Saturday, January 4, 2014

People tend to think time is a linear sequence of cause and effect. In reality, it is more of a wibbly-wobbly timey-wimey... stuff.

Karma. The way things are supposed to be.

It is difficult to make an argument against predeterminism. Anyone who has taken a slightly unhealthy interest in physics knows that with enough data, any outcome can be predicted. With large objects it is fairly obvious, an apple will fall towards the Earth if it is let go, a window washer will fall down if the ladder tumbles. Most chemical processes can be predicted using the laws of thermodynamics.

But most of life is not just falling apples and dead window washers. A great deal of life is social interaction. Giving people something to react to and anticipating those reactions. Getting something to react to and reacting according to your own beliefs. Sharing information in verbal, visual or indeed any form, and reacting to it. Receiving sense data and changing it. But predicting human behavior is a tricky thing - people are different and many will do things that surprise you. Inevitably you will always have less data to predict people's behavior on that people have to react to. Still, a human mind is a simple one. With great power, no doubt, but essentially simple. It hates change.
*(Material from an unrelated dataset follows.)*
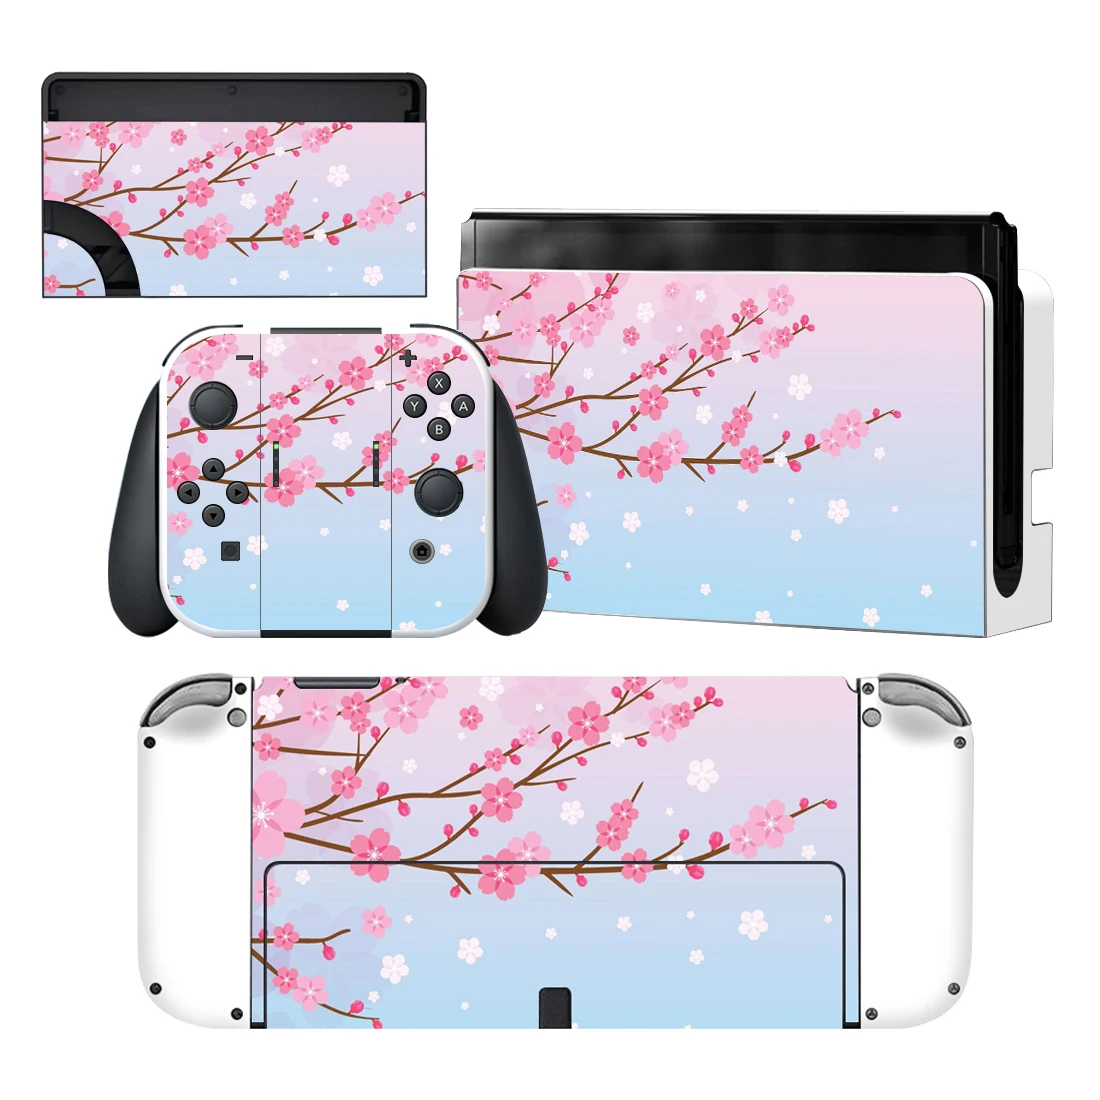 

Cherry Blossom Sakura Nintendoswitch Skin Cover Sticker Decal for Nintendo Switch OLED Console Joy-con Controller Dock Vinyl

Psychoanalysists are people whose job it is to analyze and predict human behavior with limited information. Generally they do quite a good job. Many con artists and magicians specialize in cold reading - deriving personal information by fishing for it and closely observing how people look, how they act. It is so effective many people confuse it with clairvoyancy. Even so, sometimes just a few actions can reveal a lot about a person. How they think, how they move. How they would react to a little piece of information. How easy would it be to manipulate them.

What these people do confirms that people are not snowflakes. Being unique is extremely relative - people go where the wind carries them. Rarely do people get to where they want to go, but instead end up where they need to be. That is a connecting line no matter the culture, no matter the race, no matter the upbringing. This is not to say all people are exactly the same, that would be folly! But people are quite similar in their motivations, in their reactions. There are a few types that cover pretty much everyone. Stereotypes, if you prefer. Very often these types can be confirmed with two little questions: 'Who are you?' and 'What do you want?'. The answers, however philosophical they are in nature, reveal plenty about the person. Who they see themselves as, where they are going, why do they do the things they do, what are they striving towards. Once you know that, you can predict their future behavior. Once you also get information about their past, you can predict the success of their future behavior.

Naturally nobody can know everything about an another person, which rules out absolute predictions. But with the information that can be gleamed, you can get pretty close. After all, we all remember how Target knows people are pregnant before they tell anyone.

With the ability to accurately predict the future we step on predeterminism. Not because we know what is 'supposed' to be, but because we can change it. While it is possible that we are 'supposed' to change the 'supposed'-to-be future, but at one point it all breaks down. Once we know enough, we'll be able to predict our own actions, which would therefore have to be locked in place. Fixed points in time. And yet if we know they are coming, what would stop us from changing the way that they are supposed to be?